Data: 2009-09-02 10:58:11
Autor: spp
imię i nazwisko w korespondencji służbowej
Liwiusz pisze:
Olgierd pisze:
Dnia Wed, 02 Sep 2009 01:40:55 -0700, Marcin Wasilewski napisał(a):

imię i nazwisko
stanowisko służbowe
nazwa firmy

Moim zdaniem samo imię i nazwisko to nie są żadne dane osobowe

Jak sam napisałeś powyżej, wkleiłeś nie tylko imię i nazwisko. Rozumiem, że ten pracownik to zwykła siła najemna, nie przedsiębiorca.

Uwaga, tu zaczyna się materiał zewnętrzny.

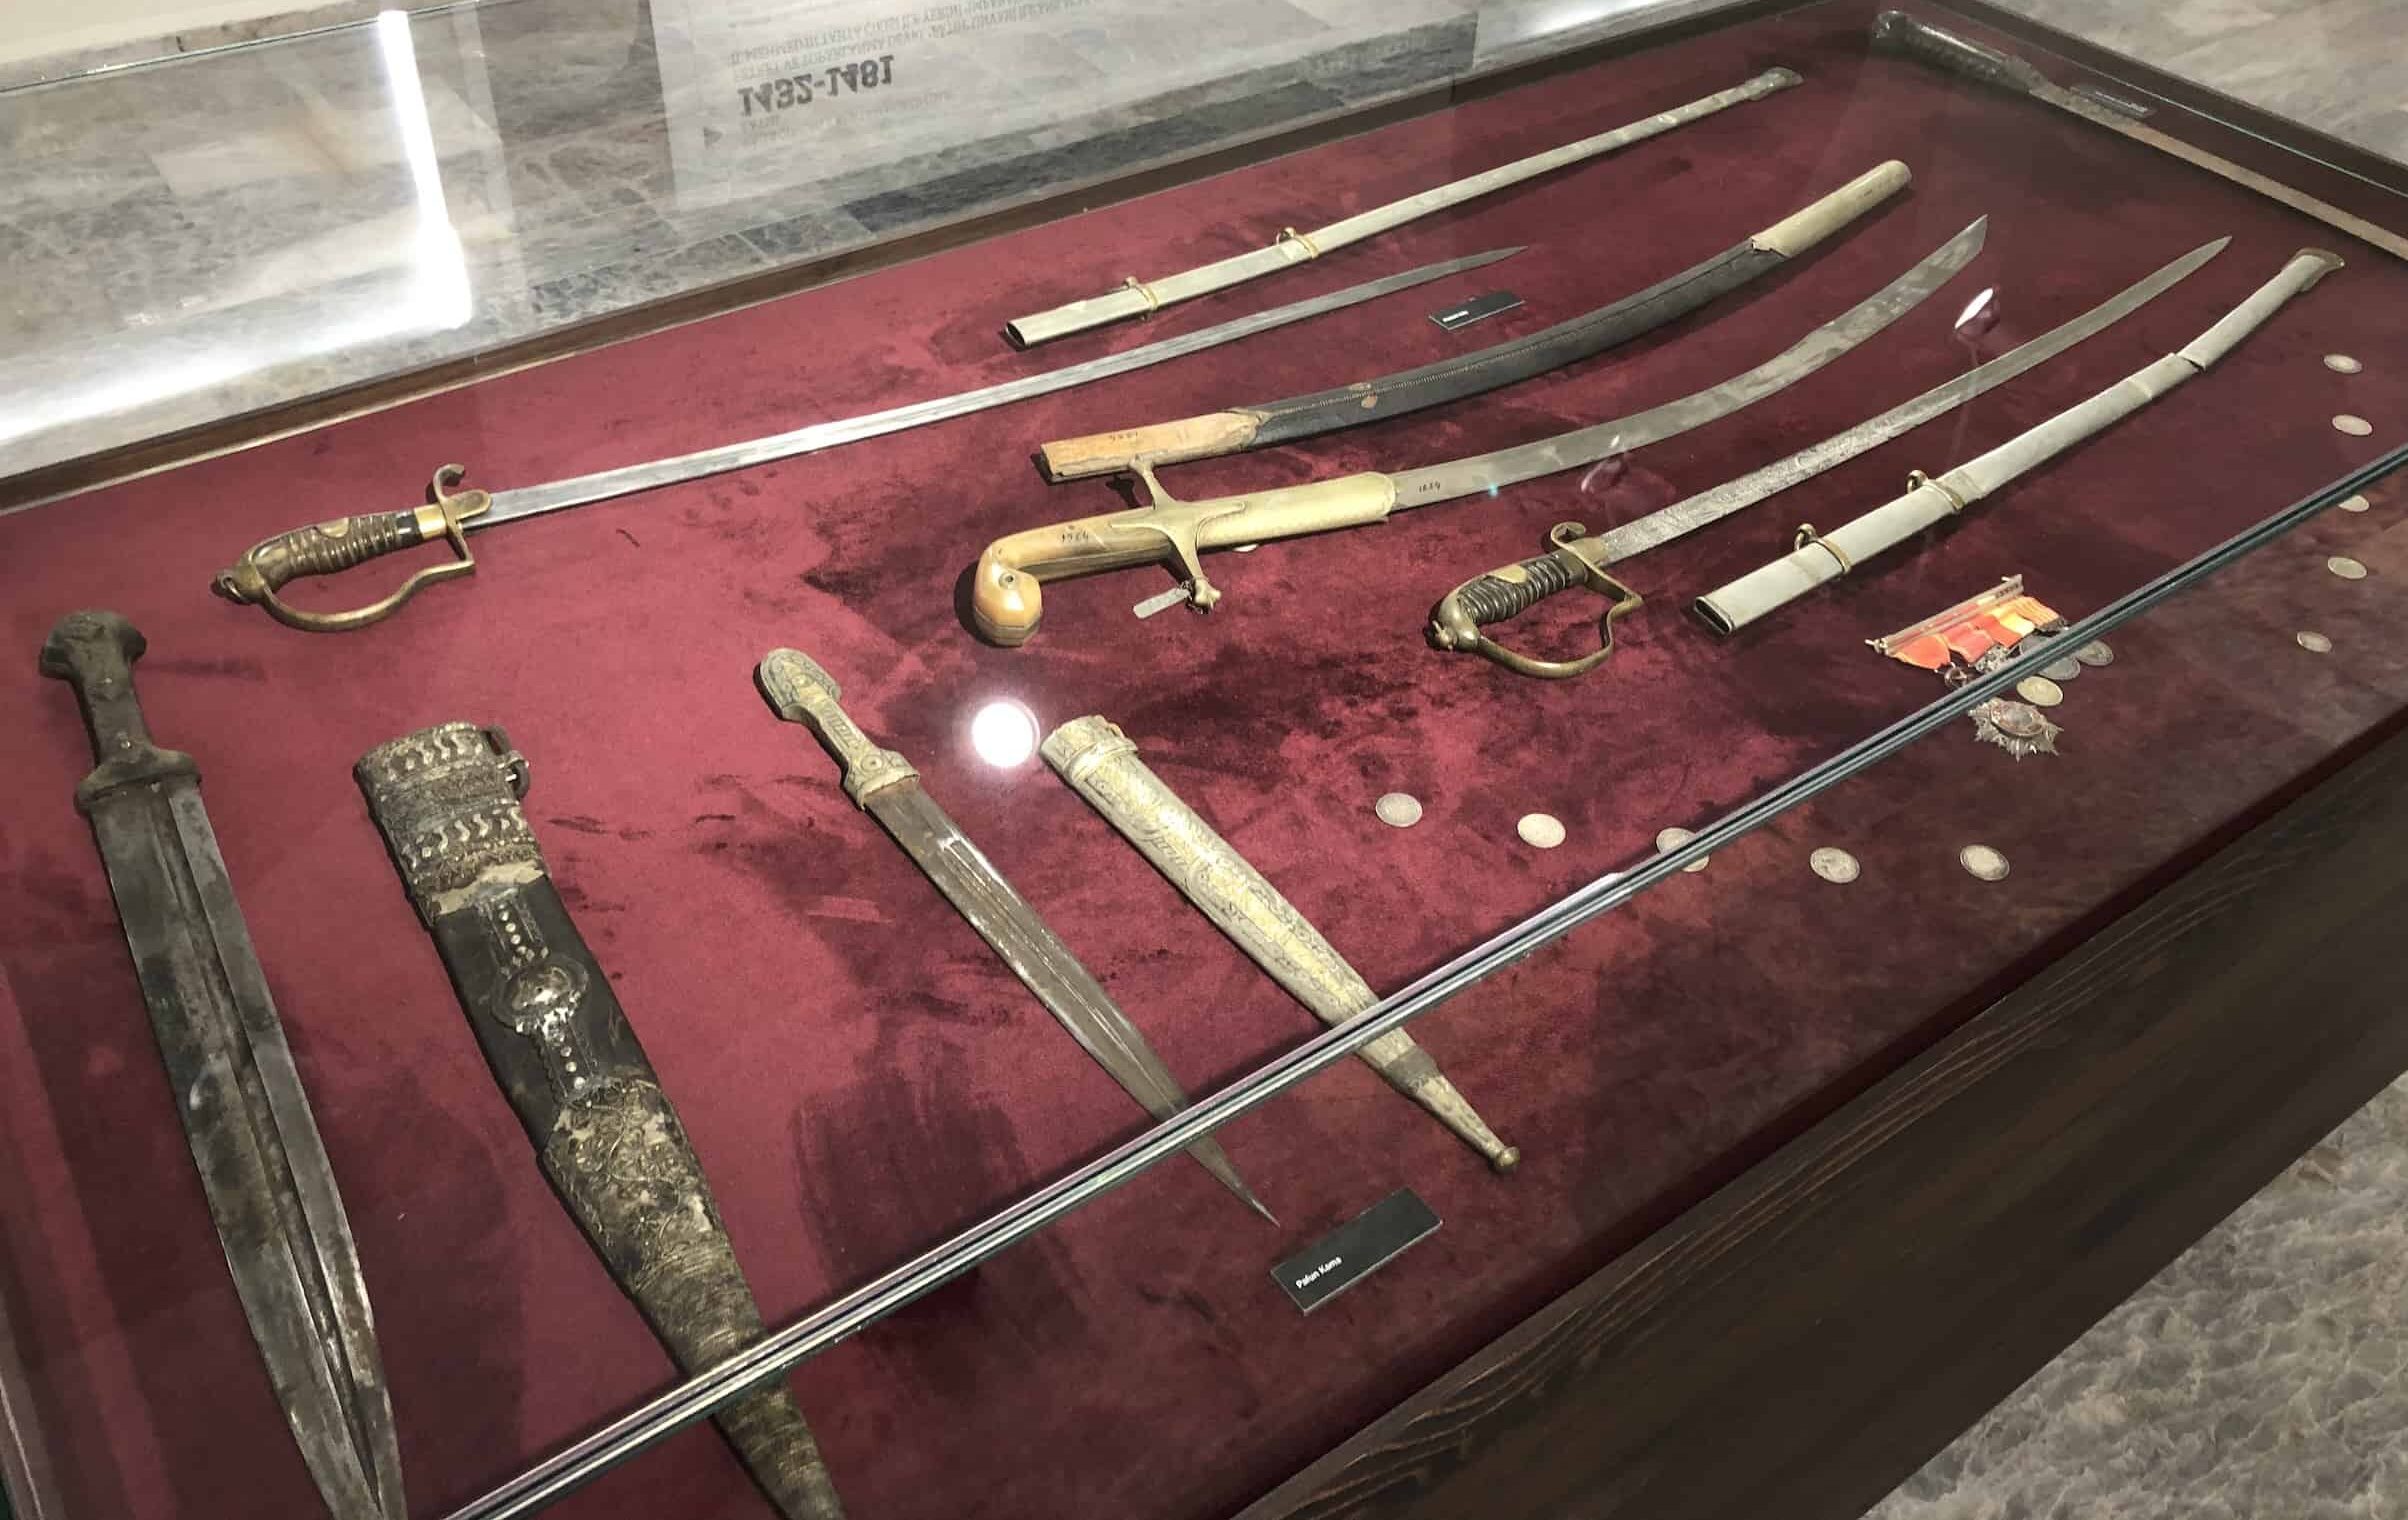 Swords, daggers, coins, and medals at the Anadolu University Republic History Museum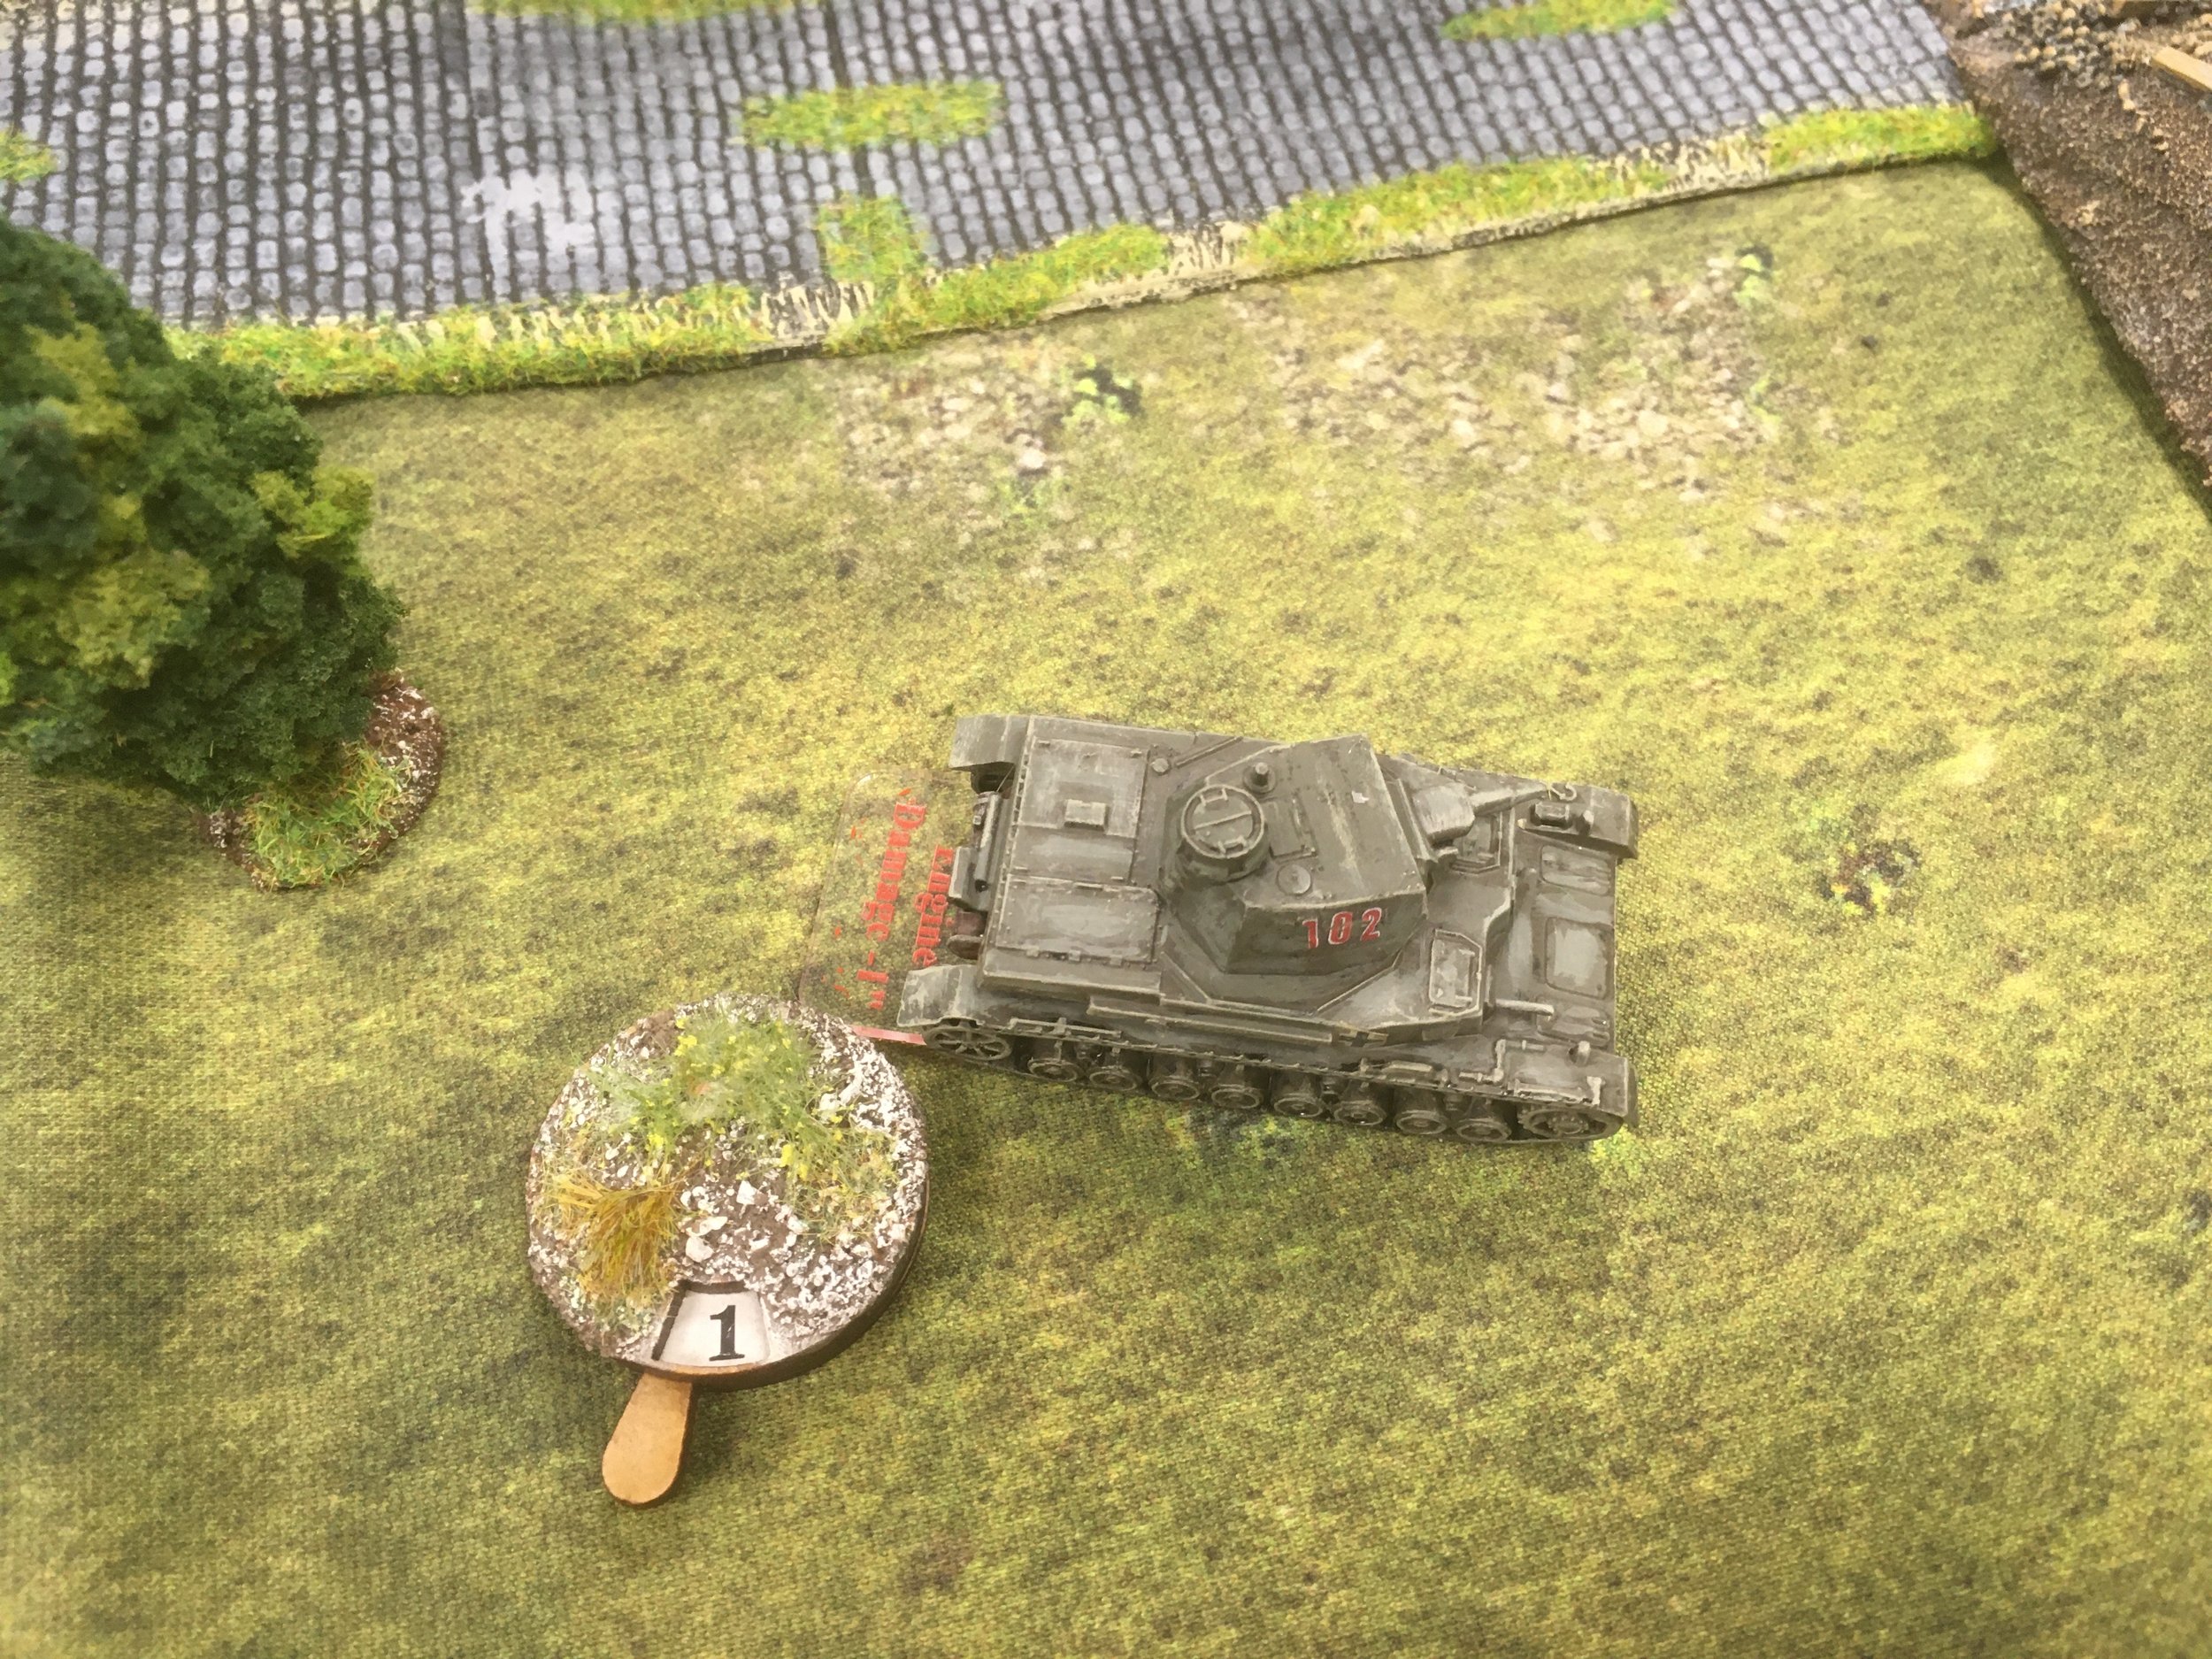  A lucky shot from one of the SA34's hits the Panzer IV and causes some engine damage...

Więc raczej jest jak człowiek mówi.


  Nie do końca na temat (dotyczy wykorzystywania danych osobowych pracowników przez pracodawców), ale jest to jakiś punkt zaczepienia:

"Firma może wykorzystywać dane osobowe pracowników
23.03.2009 09:12 poniedziałek

Firmy mają prawo podawać dane osobowe pracowników na swoich stronach internetowych czy w ogłoszeniach prasowych. Nie potrzebują uzyskiwać na to odrębnej zgody pracowników. Nie można w takiej sytuacji mówić o naruszeniu przepisów ustawy o ochronie danych osobowych.

Zgoda nie jest potrzebna

Takie informacje o pracowniku, jak jego imię i nazwisko, dokładne miejsce pracy, stanowisko, służbowy adres e-mail czy służbowy numer telefonu są ściśle związane z życiem zawodowym pracownika i z wykonywaniem przez niego obowiązków służbowych. Z uwagi na to dane te mogą być wykorzystywane przez pracodawcę - także bez zgody osoby, której one dotyczą. Jeśli dane nie dotyczą prywatnej sfery życia pracownika, to informacje o nim można umieszczać na stronach internetowych pracodawcy. Takie stanowisko zajmuje Generalny Inspektor Ochrony Danych Osobowych.

Ale to jest prawo pracodawcy, nie każdego z klientów firmy. :)

--
spp

Data: 2009-09-02 11:03:55
Autor: Liwiusz
imię i nazwisko w korespondencji służbowej
spp pisze:



Ale to jest prawo pracodawcy, nie każdego z klientów firmy. :)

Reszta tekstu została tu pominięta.